Given material →

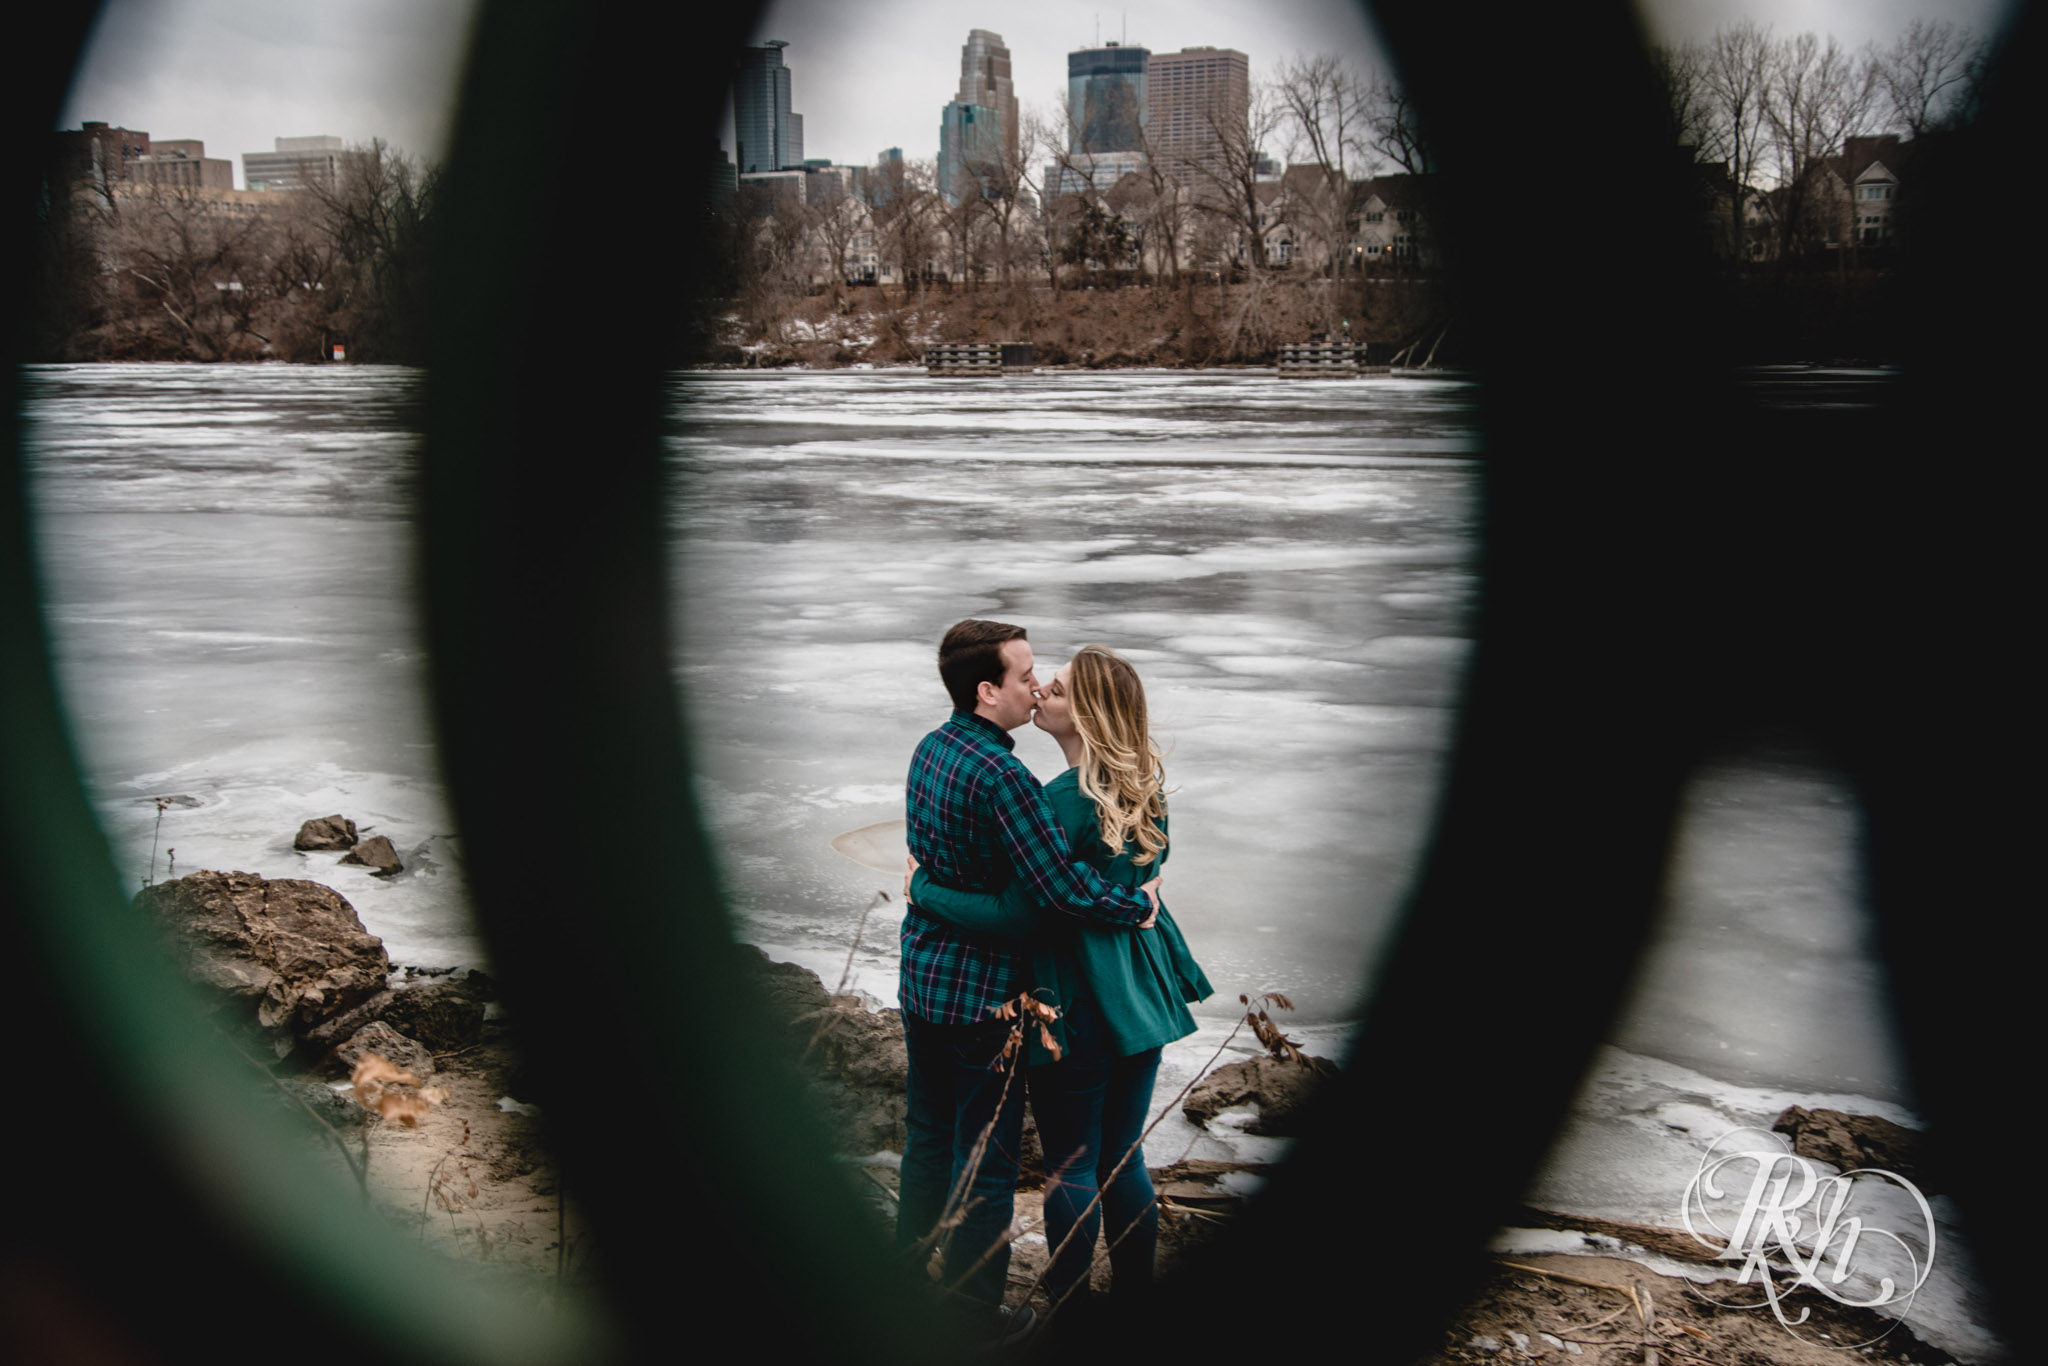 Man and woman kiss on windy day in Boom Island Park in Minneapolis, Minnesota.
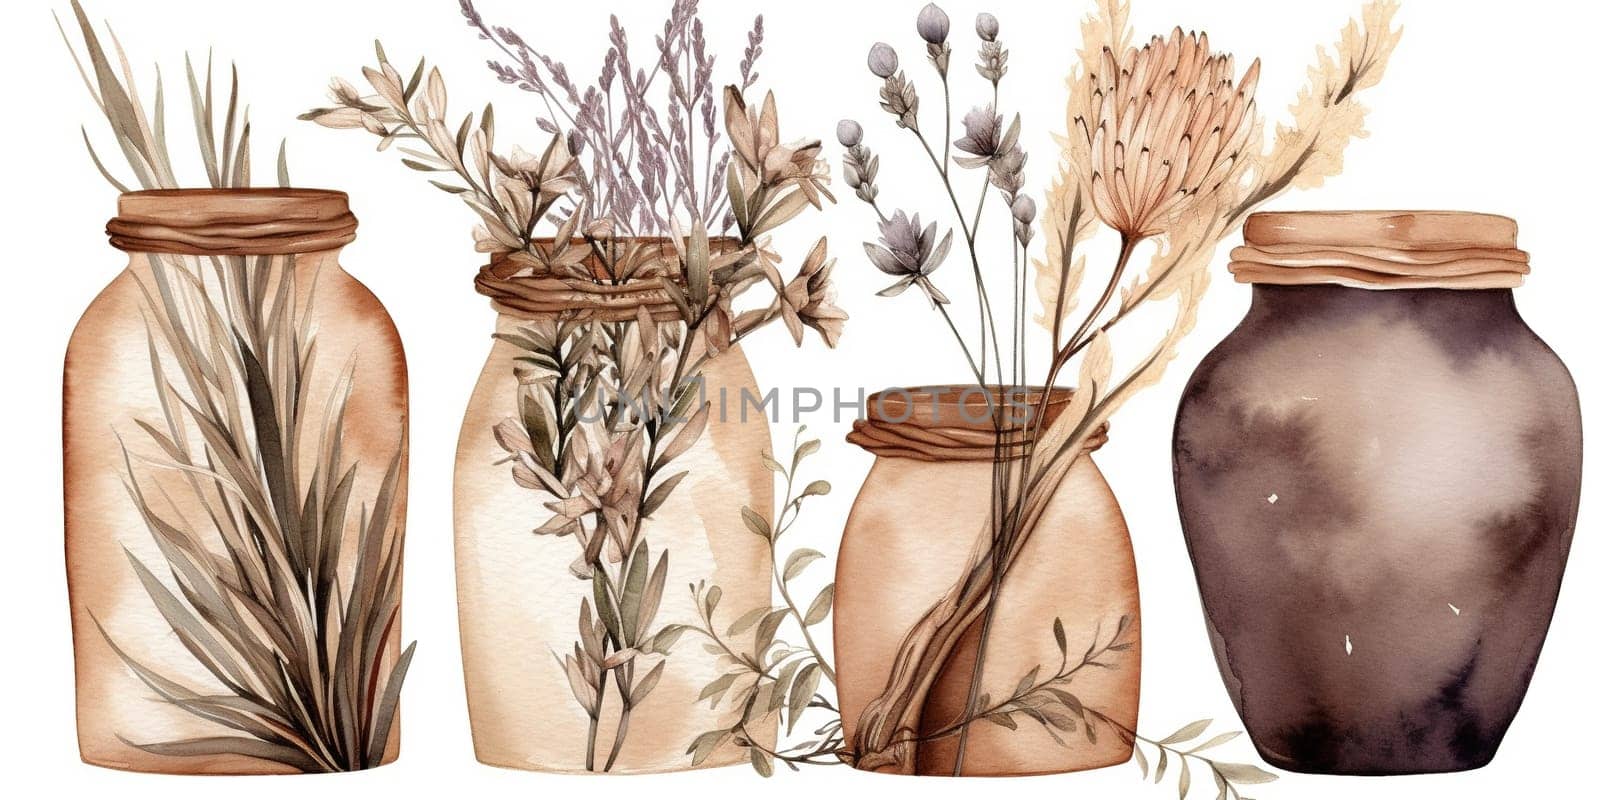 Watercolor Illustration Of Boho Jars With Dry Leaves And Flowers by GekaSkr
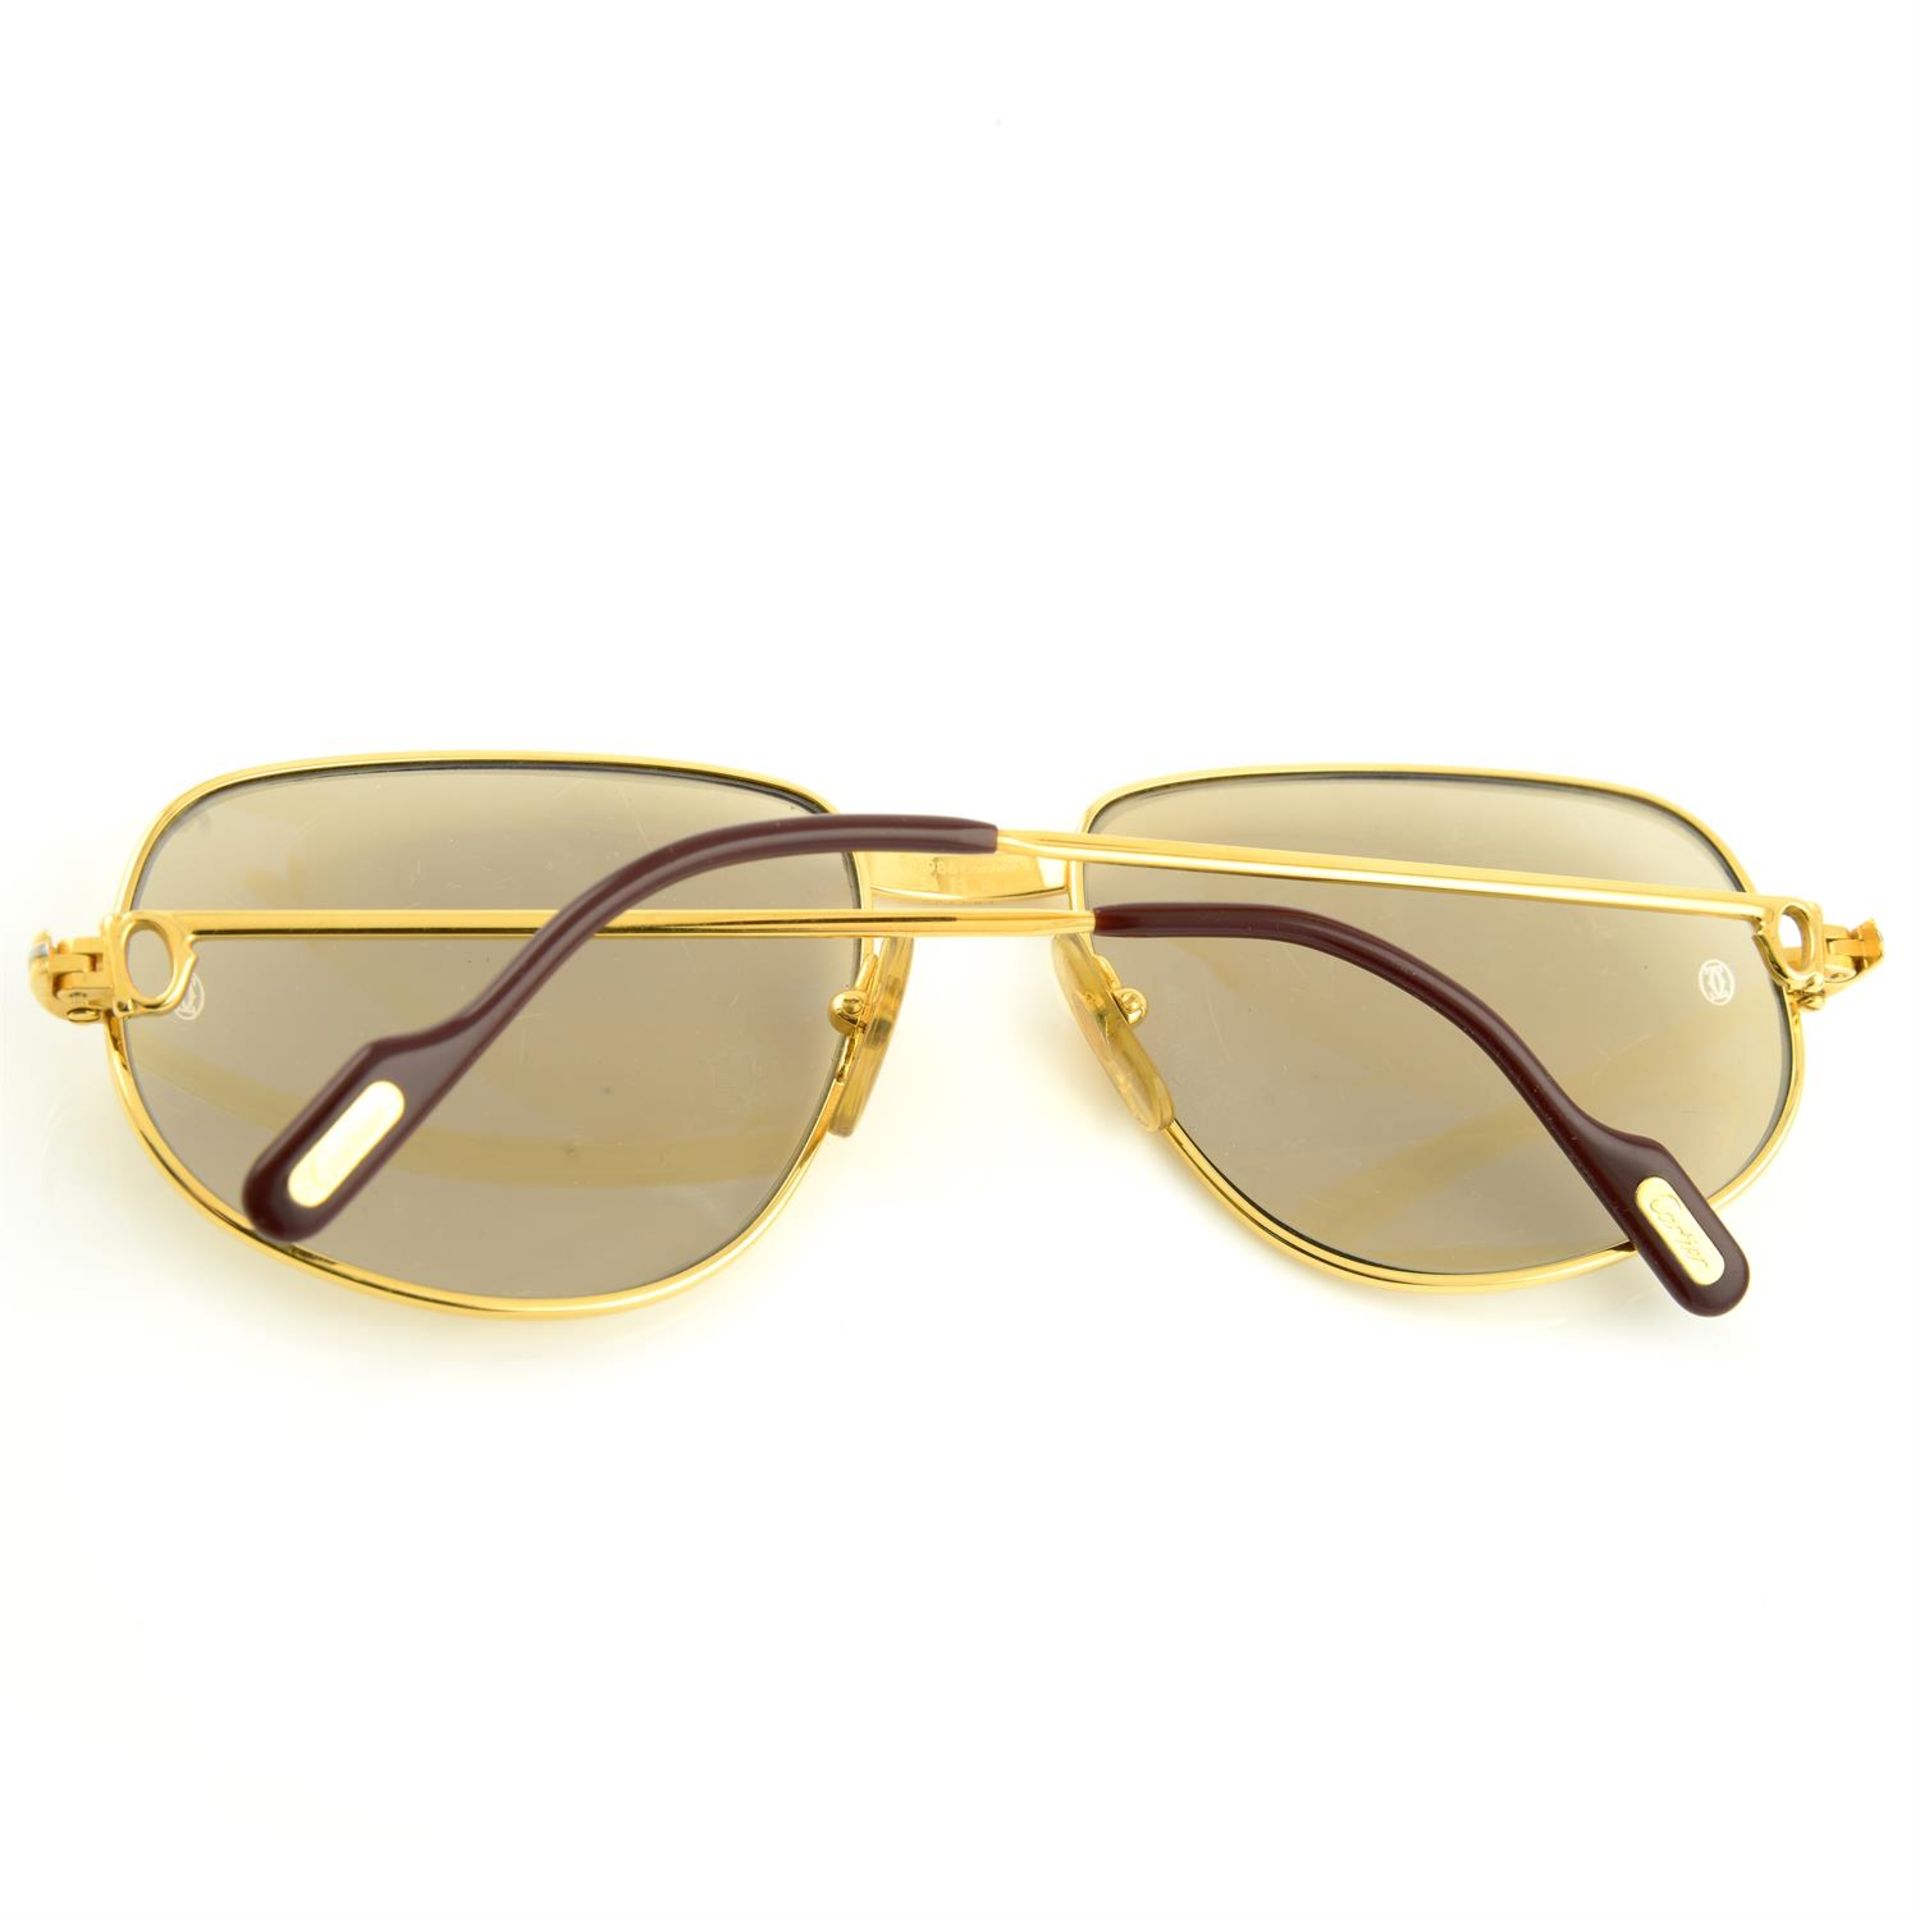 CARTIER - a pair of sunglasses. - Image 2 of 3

Required work →
The expected result is the material restated word for word, minus any picture.

Task solution →
 Man and woman kiss on windy day in Boom Island Park in Minneapolis, Minnesota.
 Watercolor Illustration Of Boho Jars With Dry Leaves And Flowers by GekaSkr
 CARTIER - a pair of sunglasses. - Image 2 of 3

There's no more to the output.